New year…what does that equate to? A new me? A new era? A new chapter? A new beginning? All of the above?
Eh, to be honest, I’ve gotten incredibly sick of New Year’s resolutions last year given that my daily life became so energy-taxing in itself that I couldn’t keep myself as accountable with my long-term goals as I usually would. I’ve established, at least for my personal life, that it’s more important to improve yourself on a regular basis than an annual one. Set pursuits for yourself every day, every week, every month, and allow yourself to grow in smaller increments than in one full blow. After all, that’s really the true nature of growth–you don’t wake up as an adult one day, you become an adult after many, many years.
To summarize this year in one sentence is an arduous challenge. Let’s classify this as how Ariana Grande summed up her own experience–“best for her career, worst for her life”–given that my blog’s statistics and social media following reached an all-time high record in traffic, yet behind the scenes, a convoluted twister of downfalls came my way. Similarly to her experience, there’s much forgiving I have to practice for myself, specifically. I know much of what I’ve come across is not in my control, but I did not always handle these hurdles in the most practical ways.
Truth is, I lost a lot this year. Many opportunities, a couple of memories, and a handful of relationships–many of them I will never retrieve again. I cried more this year than I ever have. I encountered more than enough days where I wanted to travel back in time, redo history, or nix it all together. I got stuck in a position where even feeling normal seemed difficult. I began to relive the moments that traumatized me back in eighth grade–the trauma of neglect, rejection, hopelessness, fear, and turbulence. Everything that anguished me in my youth returned, simply taken in a different form that mandated a different type of introspection that I still have to work on.
Another truth: I also learned a lot. I truly found the best lifestyle I possibly could have in terms of diet and exercise. Eating pizza on Wednesdays and salads on a Friday or a Saturday is enjoyable and easy for me now! Same with taking more than one rest day out of the week or walking less than 10,000 steps a day if necessary. The world can be cruel, which is something that we need to change. It is critical to experience the worst emotions to their most intensive degrees to gain the most insight and to enjoy the counter-positive emotions to their most intensive degrees in the future. Stitches can mend wounds but scars remain in the flesh. Take every opportunity you can to be honest with yourself and to others about yourself. There is always more to discover, so never give up even if you’ve felt like you’ve tried far too many times. Say what’s on your mind, not what everybody else wants to hear. Additionally, not everything has a rationale, but everything has an explicable reason.

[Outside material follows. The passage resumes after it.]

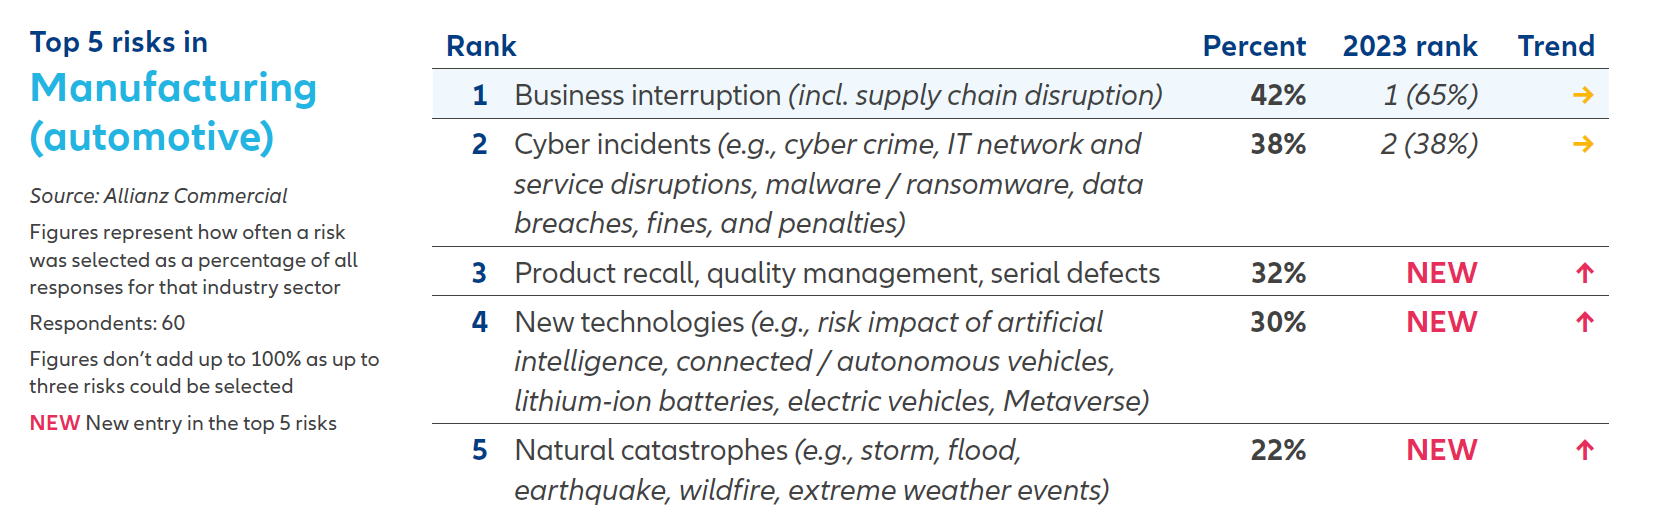 Top_five_risks_in_automotive_manufacturing_2024.png

This isn’t to say that I don’t regret anything. I truly believe I could have proceeded with certain aspects of my life differently. I recognize that, oftentimes, I was dishonest with myself. I attempted to convince myself that I was satisfied when I wasn’t. Several times, I acted emotionally rash enough for me to endanger those around myself and others. I almost convinced myself that I was pointless, and the last that this world needs is another harm to society. All my intentions mean well. I can simply feel so helpless without any resources that the best plan seems to be not dealing with them at all and doing nothing but lie down while staring at the ceiling.

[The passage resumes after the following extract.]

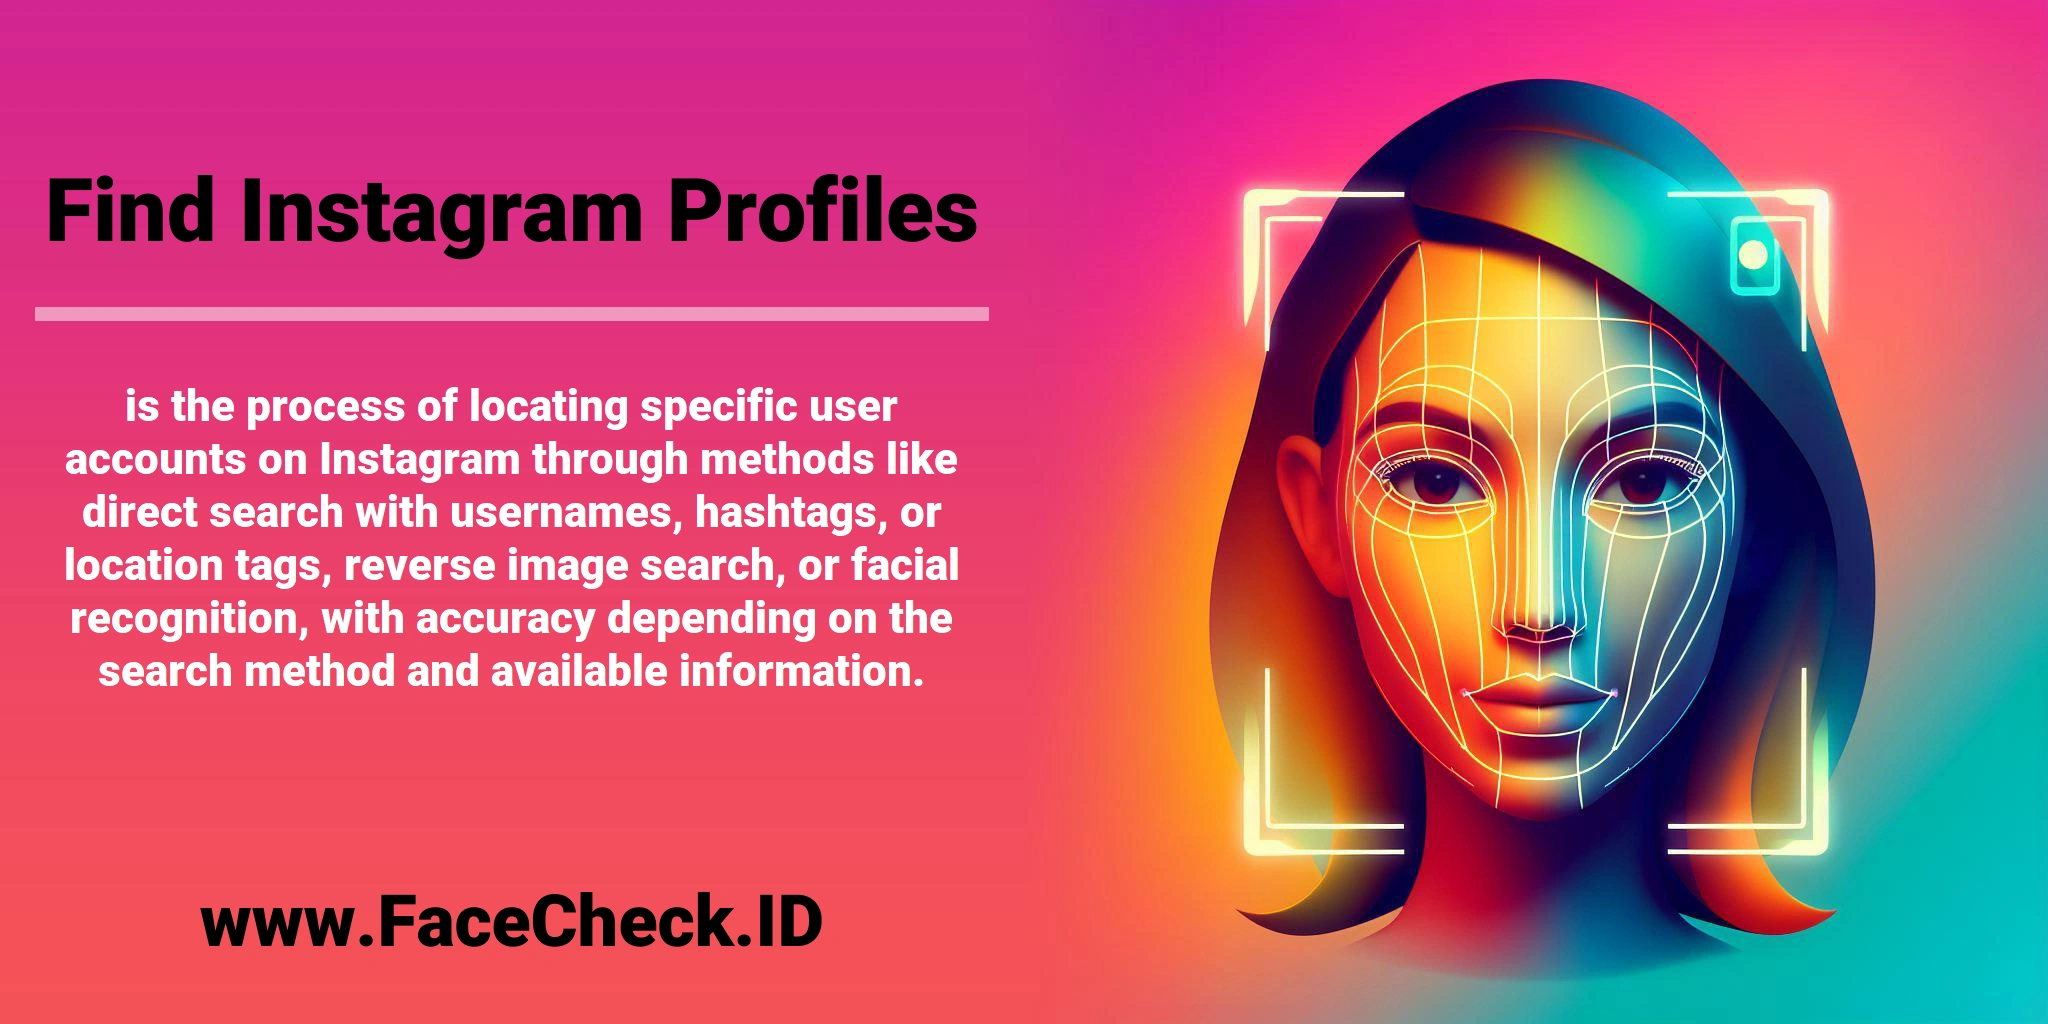 <b>Find Instagram Profiles</b> is the process of locating specific user accounts on Instagram through methods like direct search with usernames, hashtags, or location tags, reverse image search, or facial recognition, with accuracy depending on the search method and available information.

There were many chances I could have taken had I made alternative decisions in the past. Then again, I still hold the understanding that everything, everyone, and every event has its own unique significance. I am on time and I am where I need to be. This idea may not seem legitimate to me on a daily basis, but really, at the end of it all, it really does persevere to truth. Candidness, utmost understanding, and critical introspection have been my three musketeers this year.
To all the people I have met this year: I genuinely hope that I served you of purpose. I aim to gratify your days with insight, growth, and happiness (though not everyone I’ve encountered experienced the latter with me). I aspire to be part of your story and hopefully I wasn’t just another body walking past you in the background. Truth is, I may not wish the best for you right now. I genuinely may want you to feel the same amount of pain that I have, if not more, at least for the time being. Still, I appreciate you all and I will for eternity, even if you wounded me multiple times. Later on, I intend to do the same with more people.
Ultimately, I still experience grief every now and then. It genuinely is nothing new and I no longer think about the tougher times as often. That may seem pretty depressing, but it’s actually benefited me more than ever because I can cope with it more composedly. Not every year has to begin or end with rainbows and sunshine. After all, none of that can happen without the storms and the darkness.
What are my intentions for 2019? As of now, my ambitions are set for whatever I will come across in the year. There are no concrete goals I’ve set as of now, but they generally encompass learning to adapt to times of uncertainty and gain more trust in myself. To be frank, I have absolutely no clue of what 2019 will bestow. Maybe it will be the greatest yest for my life. Maybe it will be even worse. All I know is that this year has prepared me more than enough for other challenges to come and to express more gratitude than ever for my accomplishments.
Farewell, 2018. You were the hardest year yet. I haven’t forgiven you entirely, but I appreciate you for what you’ve granted me.